Buriki One: World Grapple Tournament '99 in Tokyo, otherwise known simply as Buriki One, is a 3D competitive fighting game produced by SNK and released as a coin-operated arcade game in 1999. It is the seventh and final game developed for SNK's short-lived Hyper Neo Geo 64 hardware and like most games released for the platform, it has never been officially ported to home consoles. It was planned for release for the PS1 platform but was never officially released.

Gameplay
The control system uses two buttons for movement, keeping the player on a 2-D axis, despite the 3D arena. Pressing the left button moves the character in the left direction, pressing the right moves in that respective direction. Double tapping each button produces a dash in each corresponding direction for evasion and closing distance. Pressing both buttons makes the character block.
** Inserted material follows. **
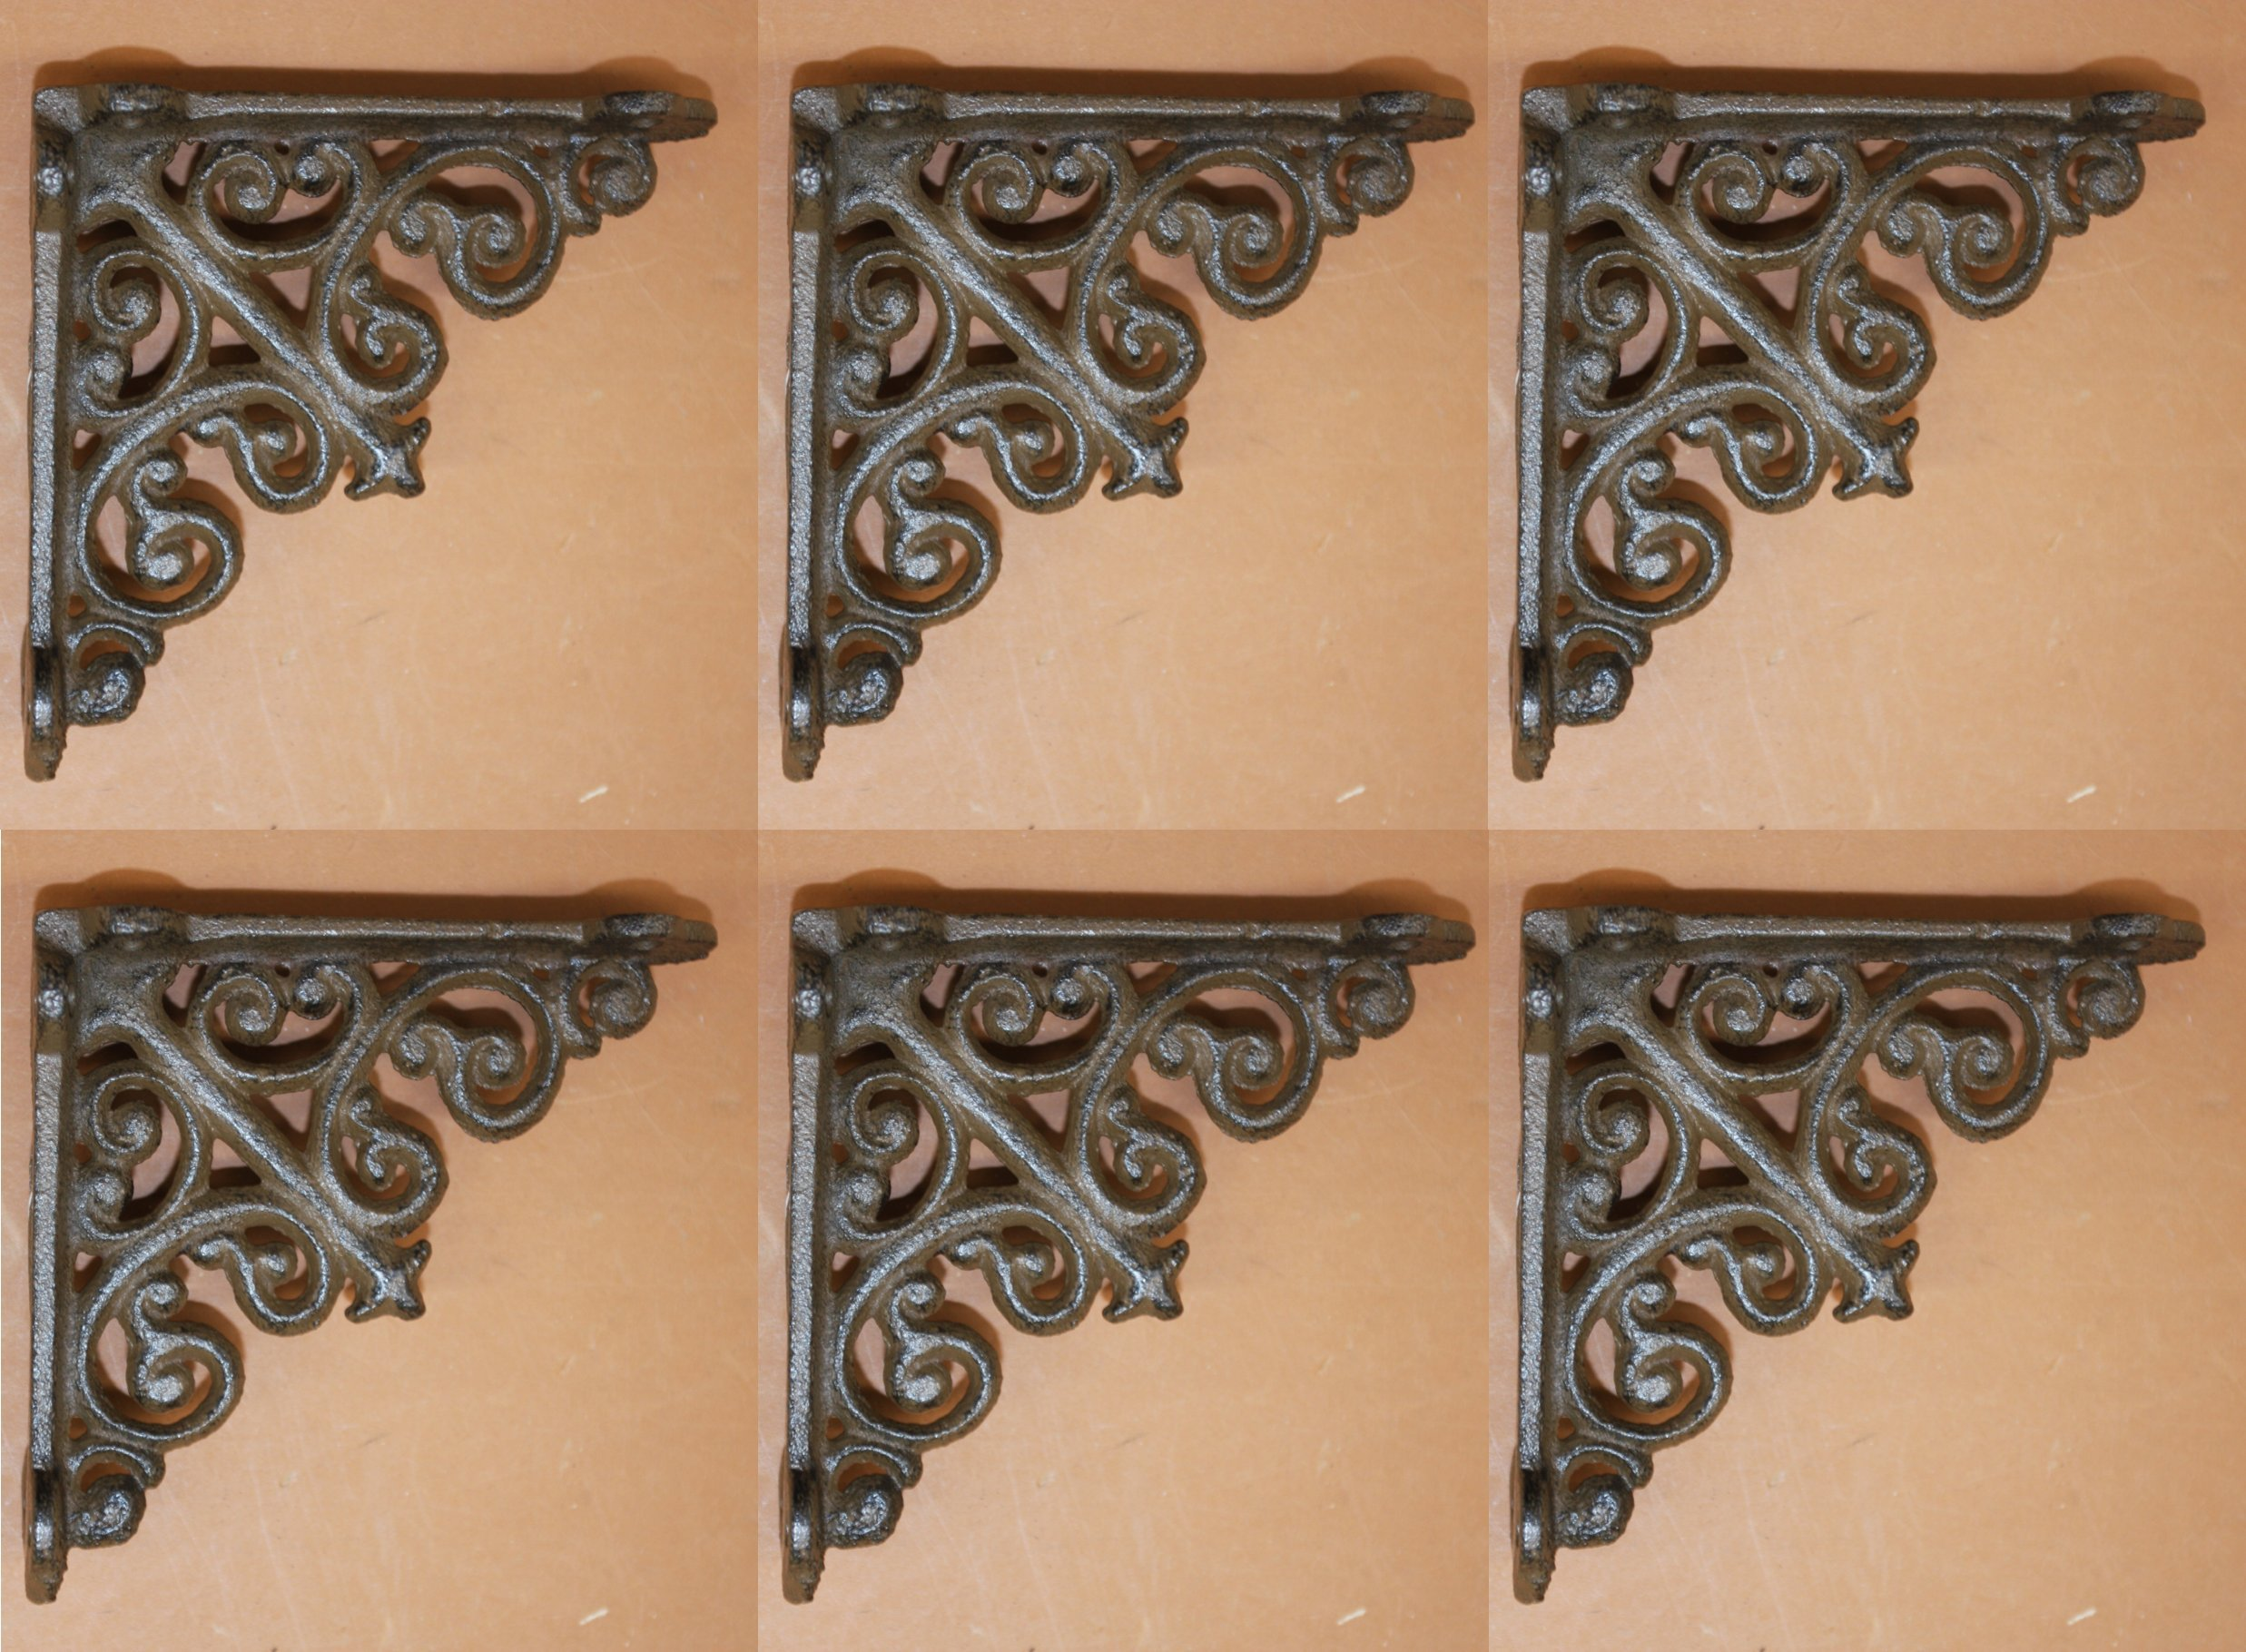 Small Victorian Shelf Brackets Solid Cast Iron, 3 7/8, Set of 6, B-27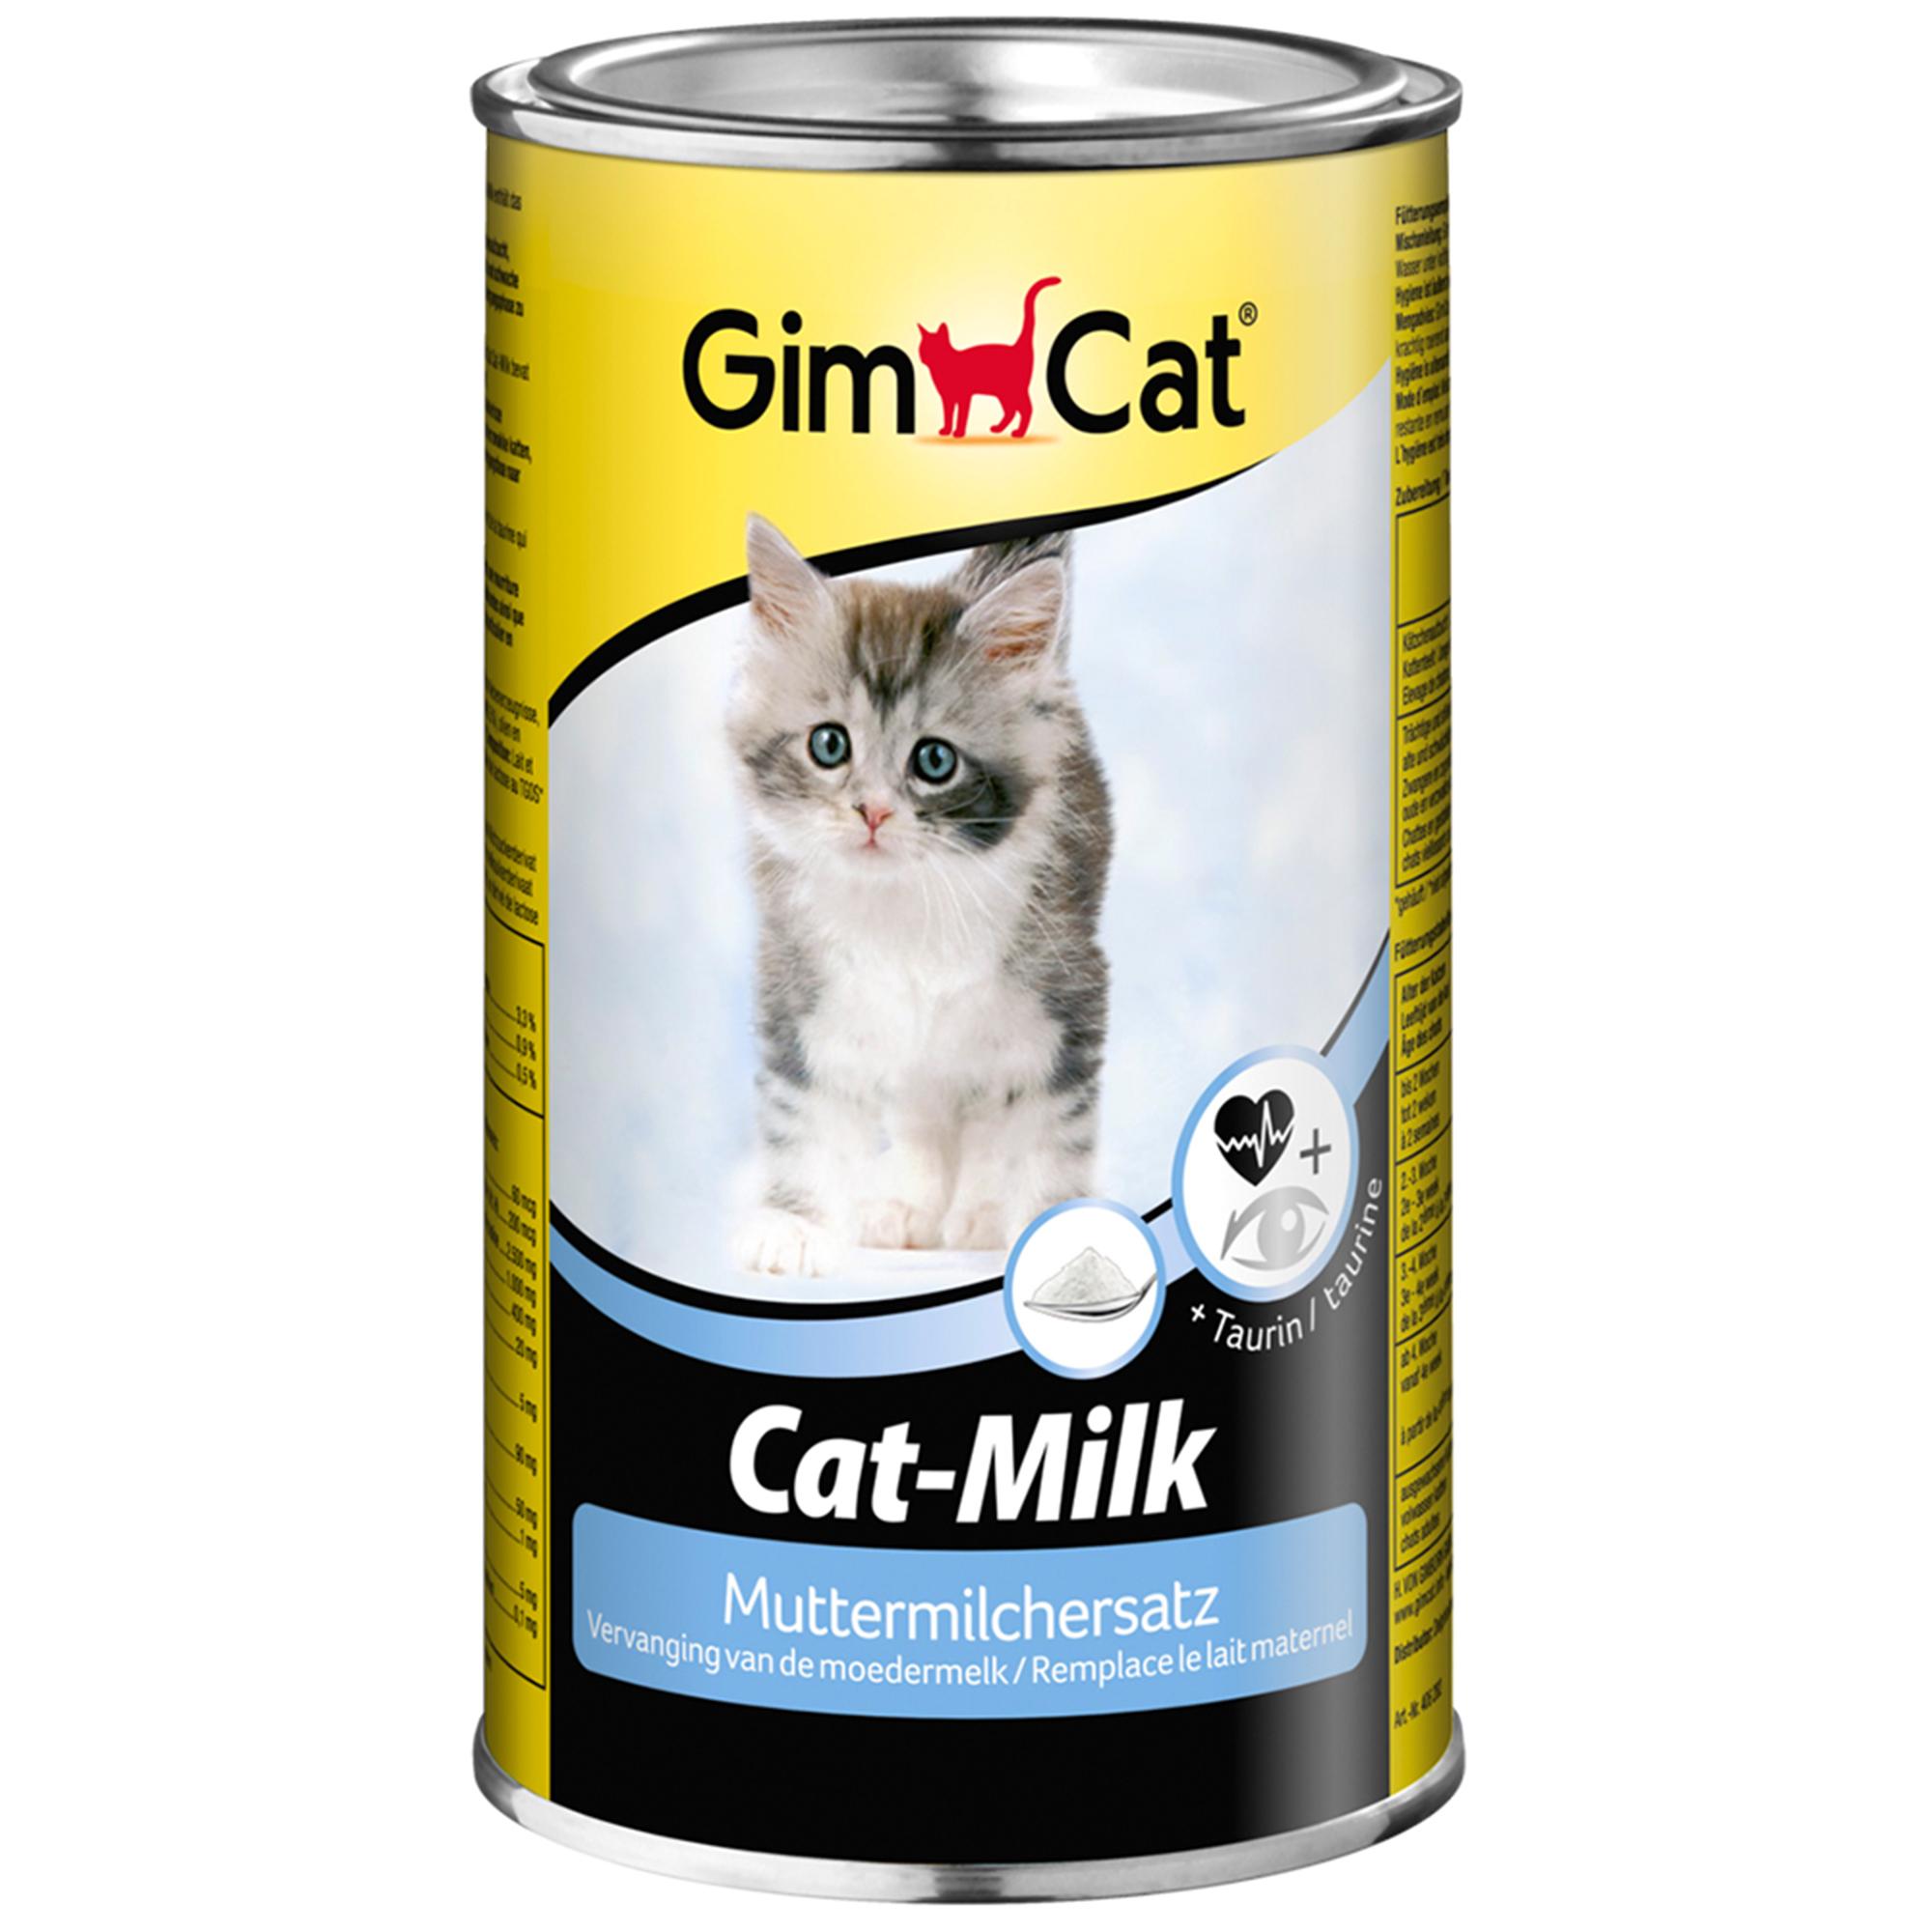 GimCat Cat-Milk 200g

By using the joystick, the player can execute attacks of varying damage levels. By pressing in the forward direction, the player executes a medium attack, up forward a stronger attack, and down, forward is the weakest, but fastest attack. By combining various combinations of the movement of the stick, a special attack is performed for increased damage. Unlike the 2-D iterations, however, no ranged attacks are present, keeping the preferred fighting distance between players at close quarters.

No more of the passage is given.